Interventional therapeutic techniques in Budd-Chiari syndrome
Bilbao JI, Pueyo JC [SP], Longo JM, Arias M, Herrero JI, Benito A [SP], Barettino MD, Perotti JP, Pardo F.
Department of Radiology, Clínica Universitaria, Facultad de Medicina, Universidad de Navarra, Avenida Pio XII no. 36, E-31008 Pamplona, Spain
Magazine: Cardiovascular and Interventional Radiology
Date: Apr 1, 1997Hepatology General and Digestive Surgery Radiology [SP]
To analyze the results obtained with percutaneous therapeutic procedures in patients with Budd-Chiari syndrome (BCHS).
Between august 1991 and April 1993, seven patients with BCHS were treated in our hospital. Three presented with a congenital web; in another three cases the hepatic veins and/or the inferior vena cava (IVC) were compromised after major hepatic surgery; one patient presented with a severe stenosis of the intrahepatic IVC due to hepatomegaly.

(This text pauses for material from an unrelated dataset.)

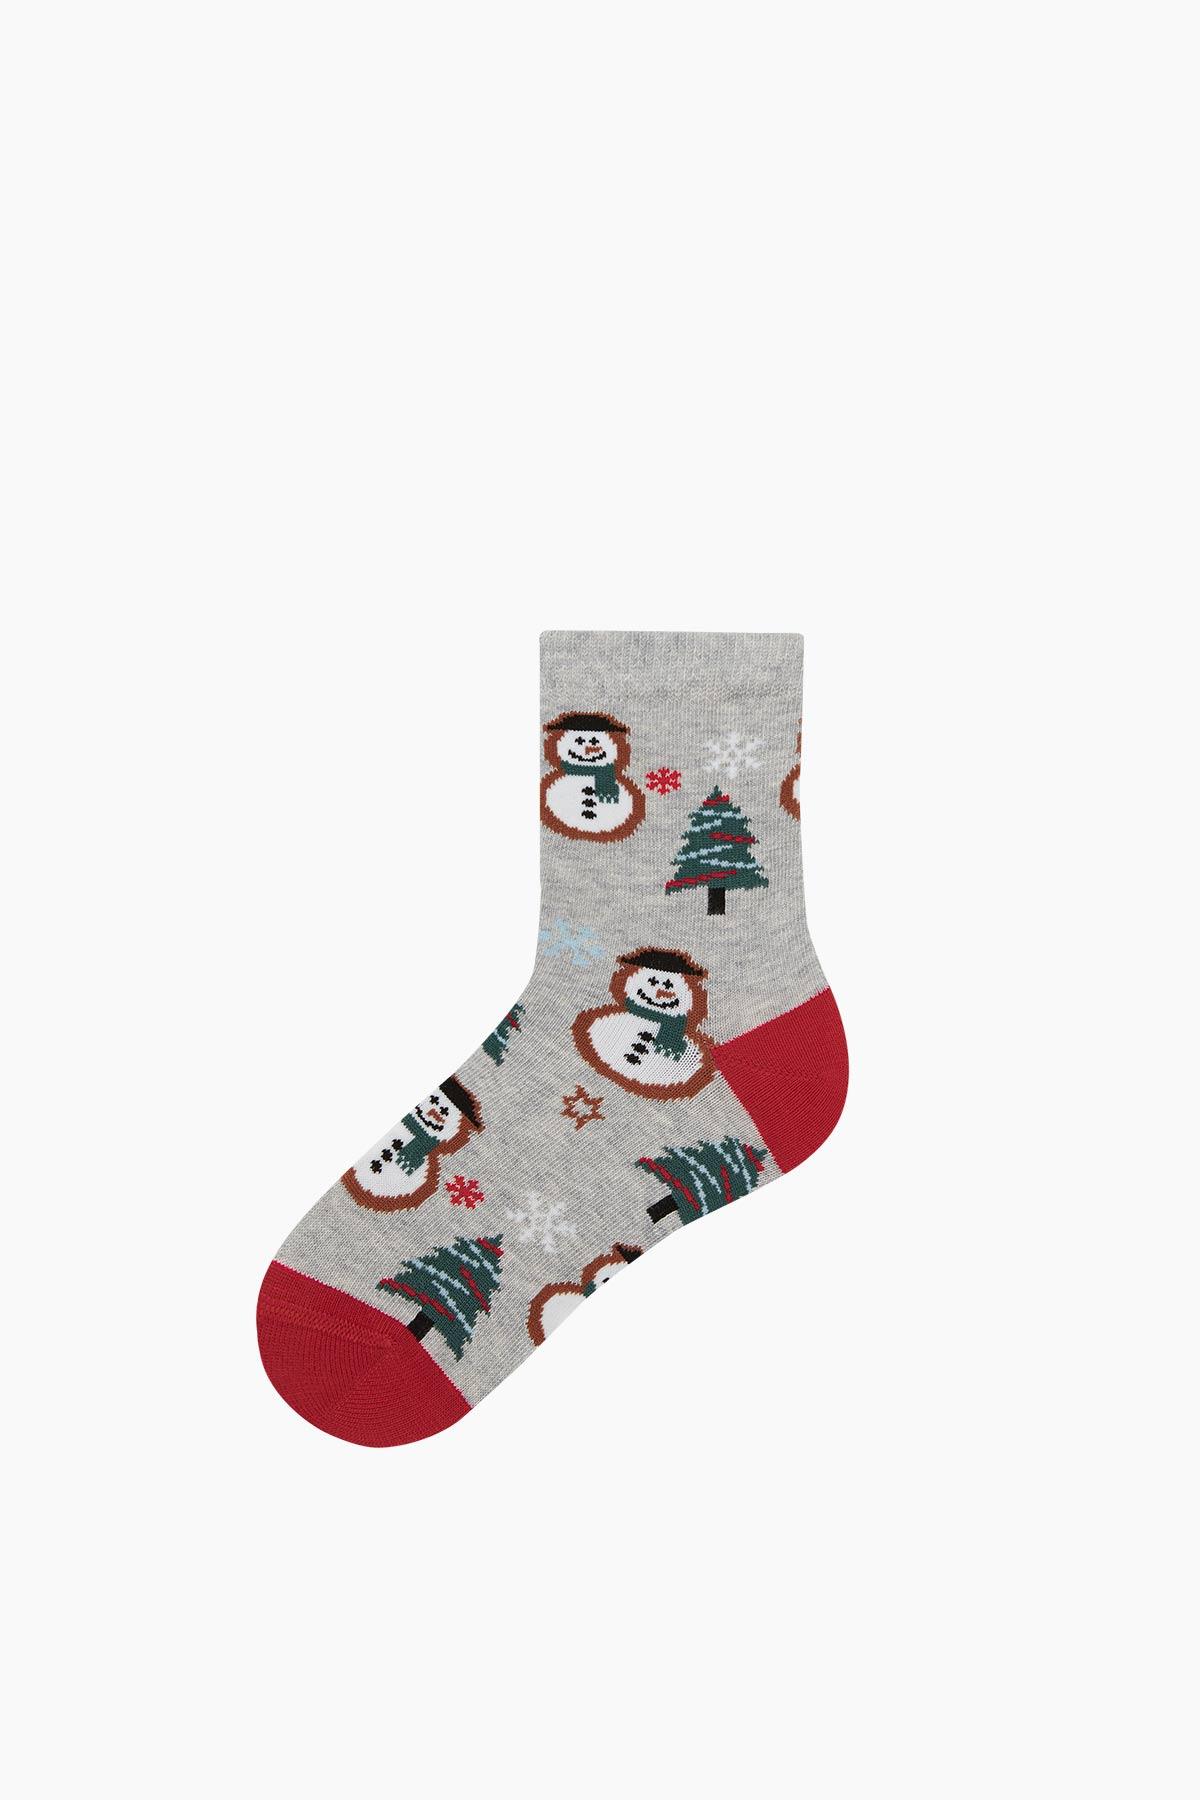 2'li Snow Man Desenli Baba Çocuk Çorabı - Thumbnail
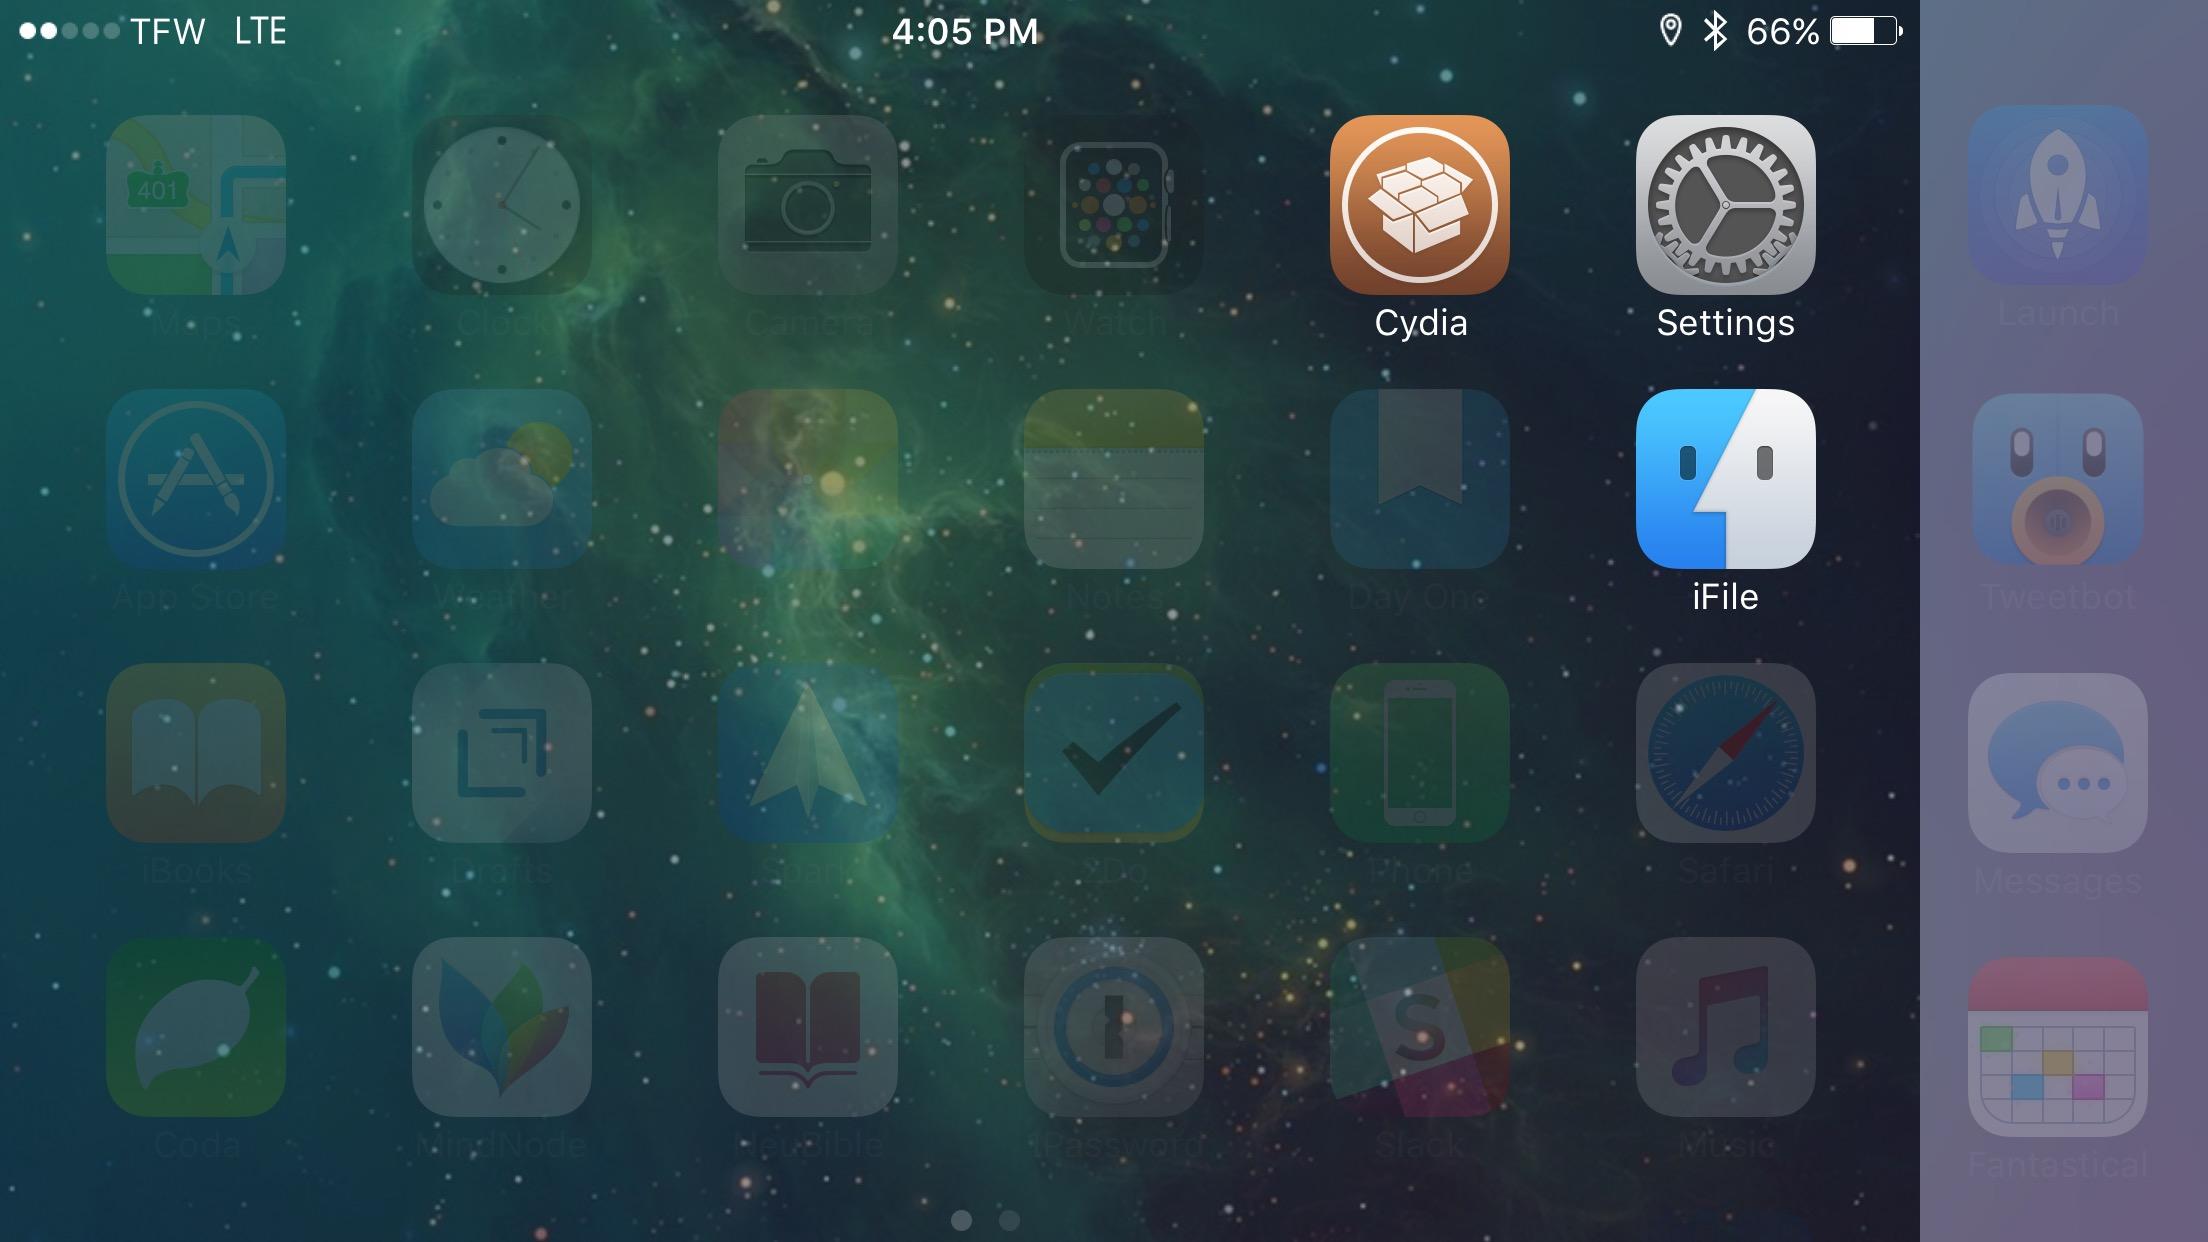 Apex-2-iOS-9-landscape

One of the patients with congenital web has required several new dilatations due to restenosis; one patient required a transjugular intrahepatic portosystemic shunt procedure while awaiting a liver transplantation. The two postsurgical patients with stenosed hepatic veins did not require any new procedure after the placement of metallic endoprostheses. However, the patient with liver transplantation presented IVC restenosis after balloon angioplasty that required the deployment of metallic endoprostheses. In the patient with hepatomegaly a self-expandable prosthesis was placed in the intrahepatic portion of the IVC before (4 months) a liver transplantation.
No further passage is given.